The final course grade will be based on the total number of points earned by a student on the homework assignments (max 300) and the project (max 100), for a total of 400 possible points.

Homework Assignments - 300 pts
Final Project - 100 pts total

Course points will be translated into a course grade at the end of the semester. The grade thresholds will be based on your percentage score out of 400:

Grade	Min Pct	Grade	Min Pct	Grade	Min Pct
A+	97	A	93	A-	90
B+	87	B	83	B-	80
C+	77	C	73	C-	70
D+	67	D	63	D-	60

Participation

If you are able to, we encourage you to attend class. Being present will help you keep up with what is going on, gain hands on experience in learning activities, and benefit from interacting with other students and instructional staff.

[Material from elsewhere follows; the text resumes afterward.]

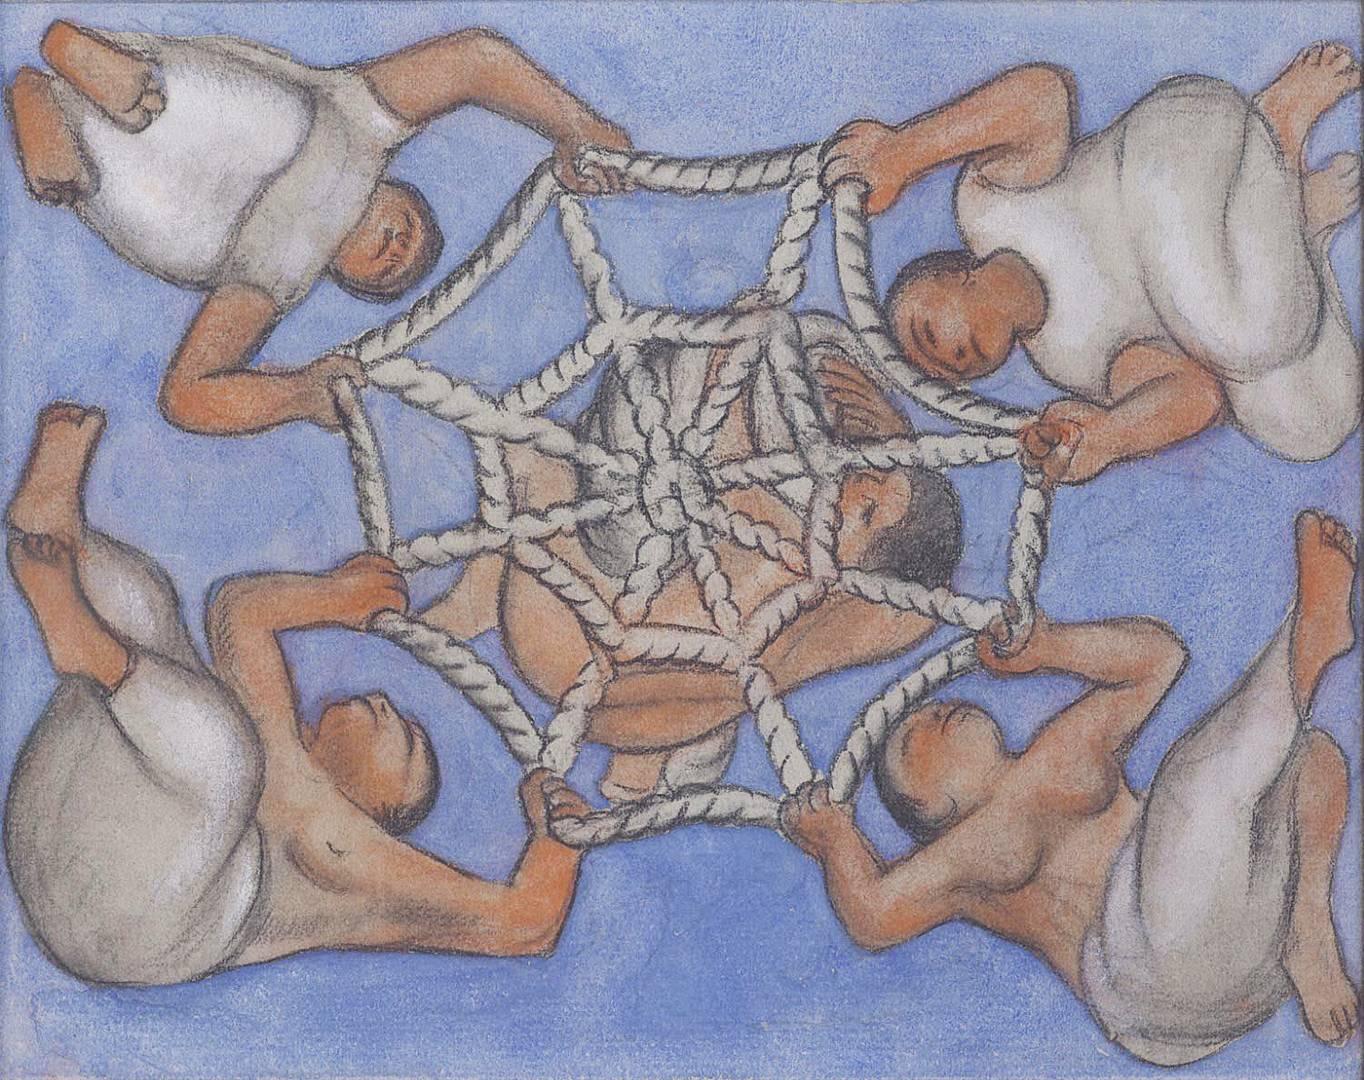 Диего Ривера. Эскиз для потолочной фрески в Чапингоo. 1927

Please ask questions whenever anything is confusing. If you find errors in the notes, please report them to the instructor. The instructor will be very happy that you detected them so they can be corrected!

Learning Collaboratively

Working Together

We encourage you to discuss all of your course activities (with the exception of exams) with your friends and classmates! You will learn more though talking through the problems, teaching others, and sharing ideas.

Continue to read on “Academic Integrity” to understand the difference between collaboration and giving an answer away.

Academic Integrity

Collaboration is about working together. Collaboration is not giving the direct answer to a friend or sharing the source code to an assignment. Collaboration requires you to make a serious attempt at every assignment and discuss your ideas and doubts with others so everyone gets more out of the discussion Your answers must be your own words and your code must be typed (not copied/pasted) by you.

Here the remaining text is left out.